Why look for rare, precious metals on Earth when you can find them here?
“Well, this is a thing unheard of. An Elf would go underground, where a Dwarf dare not. Oh, I’d never hear the end of it.” –Gimli, Lord of the Rings
Every element of the periodic table has its own unique properties and its own set of uses and applications, all thanks to the number of protons in its nucleus and the variety of ways the electrons surrounding it can bind together to other atoms and molecules. Have a listen to Uncle Tupelo’s song about those who spend their lives looking for a particular configuration: Coalminers.
while you consider that not only are some elements far more useful than others, but some are much more abundant than others as well.
The most precious elements we find on Earth aren’t necessarily the ones that have the greatest variety of uses, the most beautiful, or that enable the most effective solutions to a problem. Rather, they’re the ones that are indispensable for any particular application.
As it turns out, this is the case for practically all elements: there are applications each element is uniquely suited for, and no other element has the same exact properties. The most precious elements of all, therefore, are the rarest ones that we can put to use.
All in all, the elements that make up everything in the Solar System are roughly uniform. The only major issue is the same principle underlying buoyancy: that denser, heavier elements tend to congregate where gravity is the strongest, with lighter elements floating atop them. This holds true in the early Solar System, and hence Mercury is made (on average) of denser stuff than Earth is, while we in turn are made of denser stuff than Mars, which is denser than the gas giants.
Here on Earth, however, there’s a problem in getting that dense material: most of it has sunk to the deeper layers of our world! The rare elements aren’t rare on planet Earth; the rare elements are rare on the surface of Earth. They’re in there, but they’re hard to access. Our core is made of iron, nickel, cobalt and a great amount of heavier elements like lead, gold, and even uranium. (Fun fact: if you asked how much of the heat of Earth’s interior comes from gravitational contraction vs. how much comes from radioactive decay, the two percentages are roughly equal.)
But there is hope, just a short distance away.
Sure, it’s farther away to go grab an asteroid than it is to drill down to the center of the Earth, but it’s an easier thing to do. In fact, NASA has a proposed mission — the Asteroid Redirect Mission — that would bring a multi-ton boulder from an asteroid into a stable orbit around the Moon: proof that we could do it.
This would be an amazing feat of engineering, but it would lead to something we’ve only dreamed of so far. It would lead to asteroid mining, where elements that are rare on the surface of the Earth could be gathered in great abundance!
Elements like iridium, rubidium, gold and platinum are found in far greater abundances on asteroids than they are in the richest mines on Earth. In fact, according to MIT:
“one 500-meter-wide platinum-rich asteroid could contain nearly 175 times the annual global platinum output, or 1.5 times the known world reserves of platinum group metals.”
This means that simply retrieving one asteroid — say, about 30 meters across — for a cost of ~$2–3 billion, could result in $25–50 billion of platinum alone. For the first time, space exploration could truly become profitable in an immediate, predictable, return-on-investment sense.

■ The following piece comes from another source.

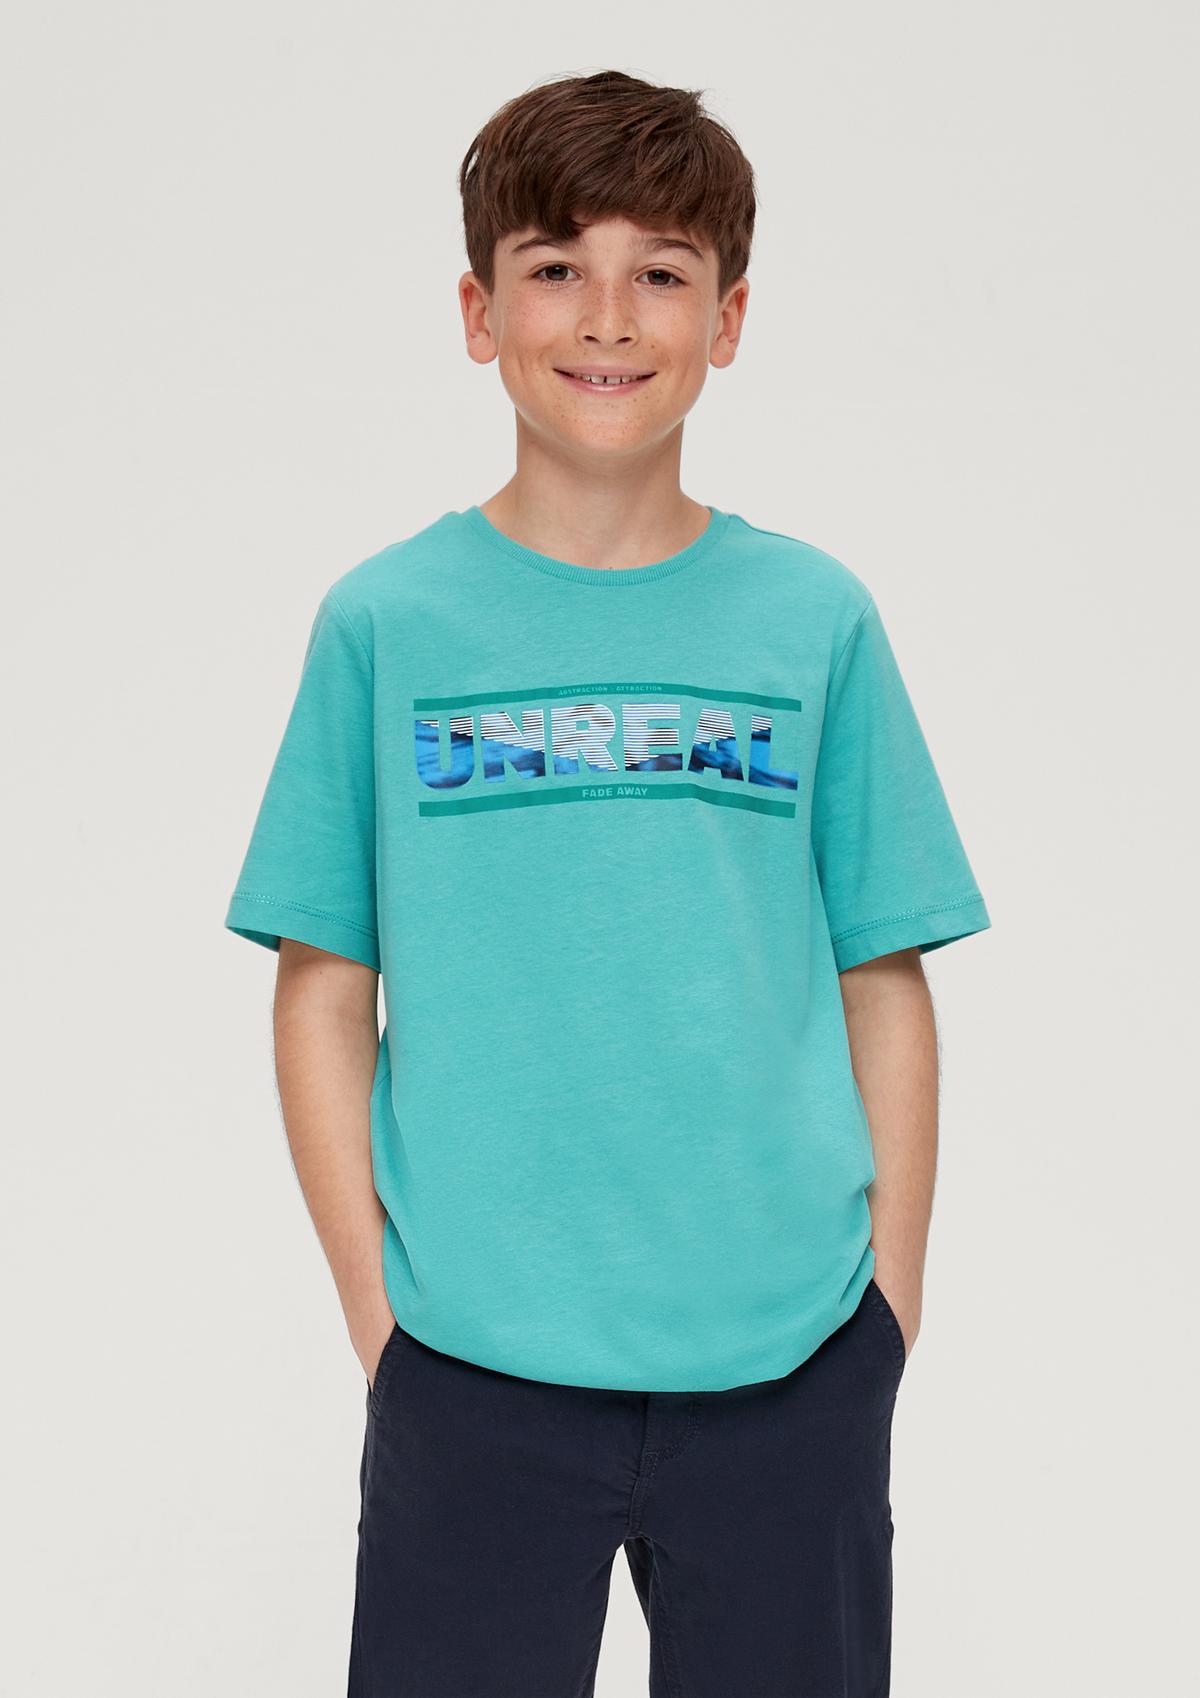 Order T-shirts for boys and online teens

We normally think of asteroids as dangers to Earth: as the thing that wiped out the dinosaurs. But going out and simply getting one may be the smartest thing we can do in terms of obtaining elements that are hard to get on Earth. And as a side bonus, we’d do it by increasing our reach, technology and capabilities as a species, and take us one step closer to other worlds and to the stars.
And if we’re really lucky, it could finally, at long last, make NASA and the enterprise of space exploration a self-sufficient one, with no outside funding necessary to provide it with all the resources necessary to explore the Universe to the fullest of our abilities. The future may be right at our fingertips.